On the 12th, one of the rebels with his wife came to La Rochelle, and surrendered themselves voluntarily to the commander in chief. This day Fourgeoud acquainted me now himself, that I was at liberty to go and refit at Paramaribo when I thought proper. This proposal I gladly accepted, and that moment prepared for my departure, with some other officers, leaving behind us himself and a band of such scare-crows as would have disgraced the garden or field of any farmer in England. Among these was a Society captain, named Larcher, who declared to me he never combed, washed, shaved, or shifted, or even put off his boots, till all was rotted from his body. At last arrived the happy hour, when, taking leave of my tattered companions, I and five more, with a [283]tent-boat and six oars, rowed strait down for Paramaribo, still in good health and in a flow of spirits, and at the very summit of contentment.

At Devil’s Harwar I met a cargo of tea, coffee, biscuit, butter, sugar, lemons, rum, and twenty bottles of claret, sent me by my friends, directed to La Rochelle, which I again, notwithstanding the barbarous usage that I had so lately met with, gave all in a present to poor Fourgeoud, twelve bottles of wine excepted, which we drank in the barge to the healths of our wives and mistresses; nor could I help pitying Colonel Fourgeoud, whose age (he being about sixty) and indefatigable exertions claimed the attention of the most indifferent: for during this trip, though but few rebels were taken, he had certainly scoured the forest from the river Comewina to the mouth of the Wana Creek, dispersed the enemy, and demolished their habitations, fields, and gardens, and thus cut them off from all prospect of support.

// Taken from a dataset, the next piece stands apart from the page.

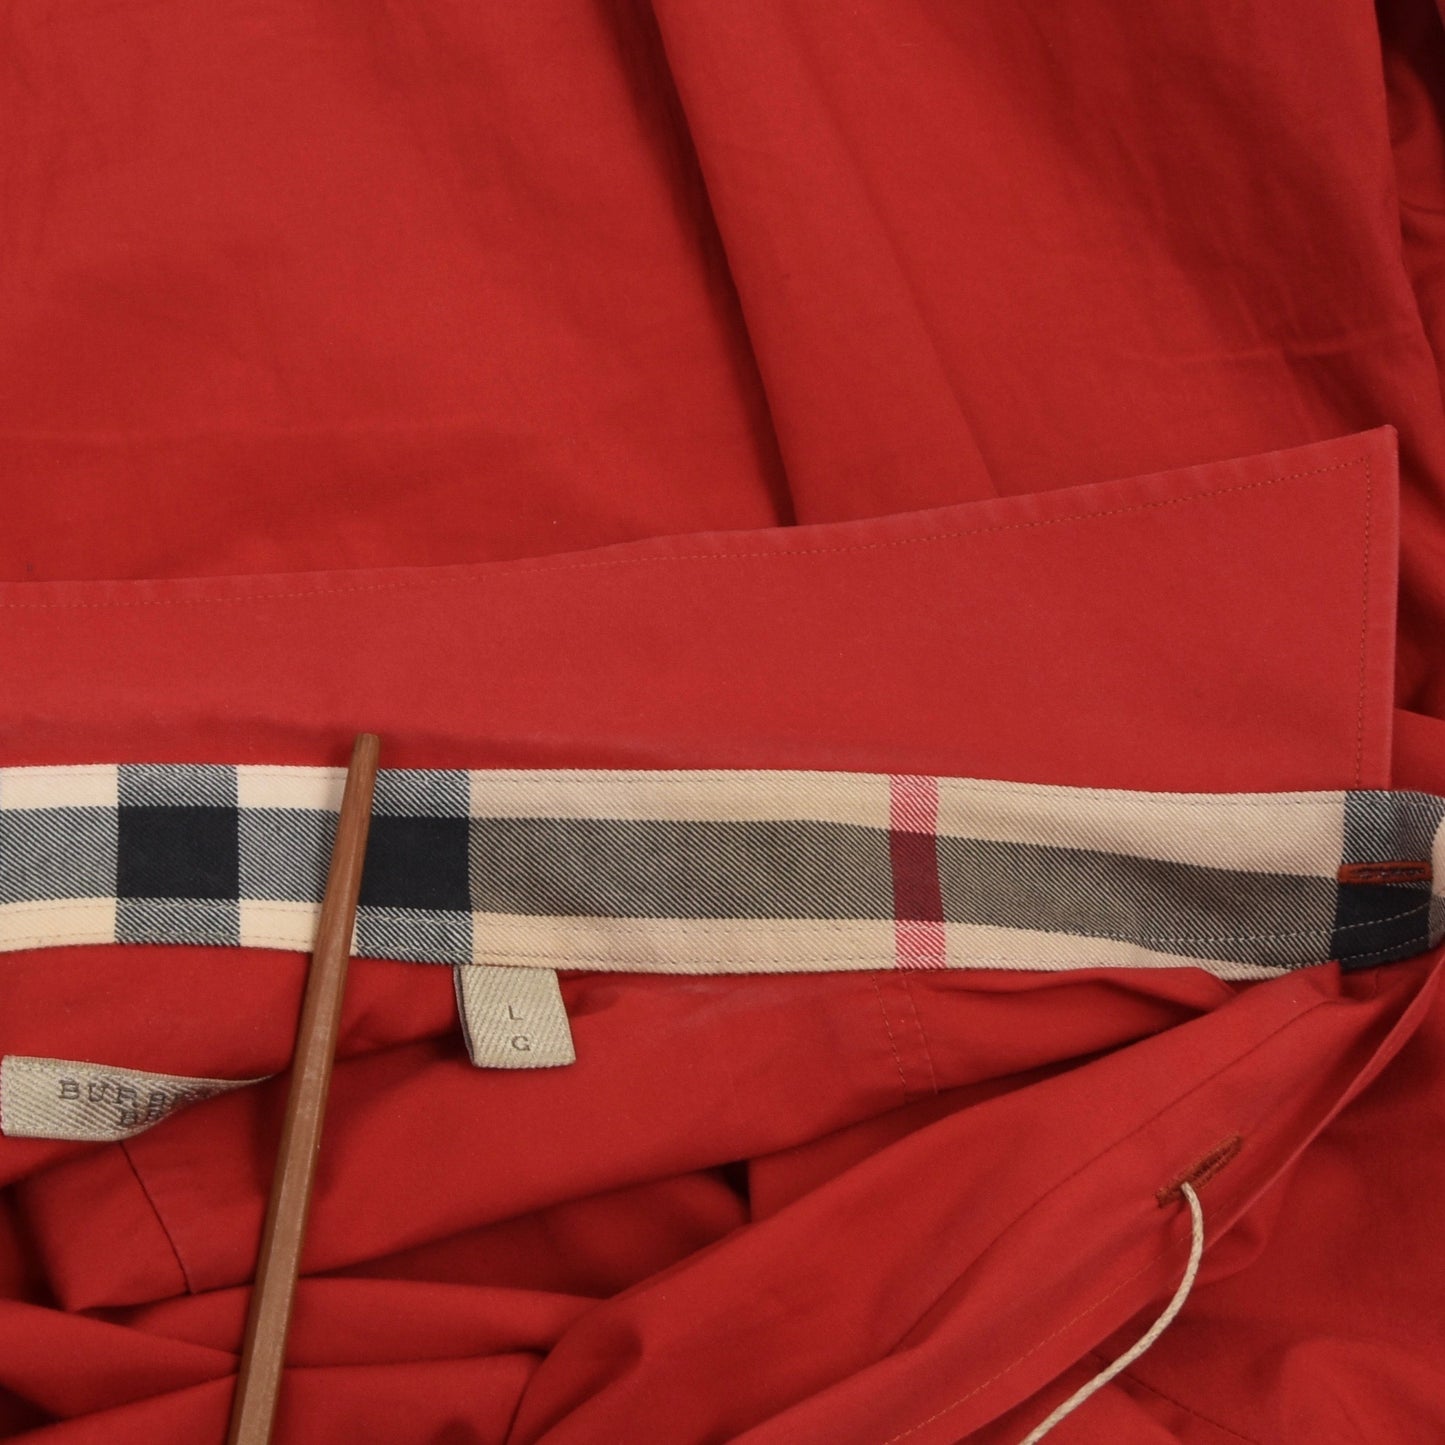 Burberry Brit Shirt Size L - Red

On the evening of the 13th, we supped at the estate Mondesire, and thence kept rowing down all night and day, shouting and singing till the 15th at noon, when, the tide serving, we went on shore at the fortress Amsterdam; whence crossing the river, we arrived before Mr. De Lamar’s door at Paramaribo. I stept ashore among a croud of friends, who all flocked round to see and to welcome me to town.

I next sent for my inestimable Joanna, who burst [284]into tears the moment she beheld me, not only for joy at my still existing (for it had been reported that I was no more) but also from seeing my very distressed situation.—Thus ended my second campaign, and with this I put an end to the chapter. [285]


1 The largest of all the palm species.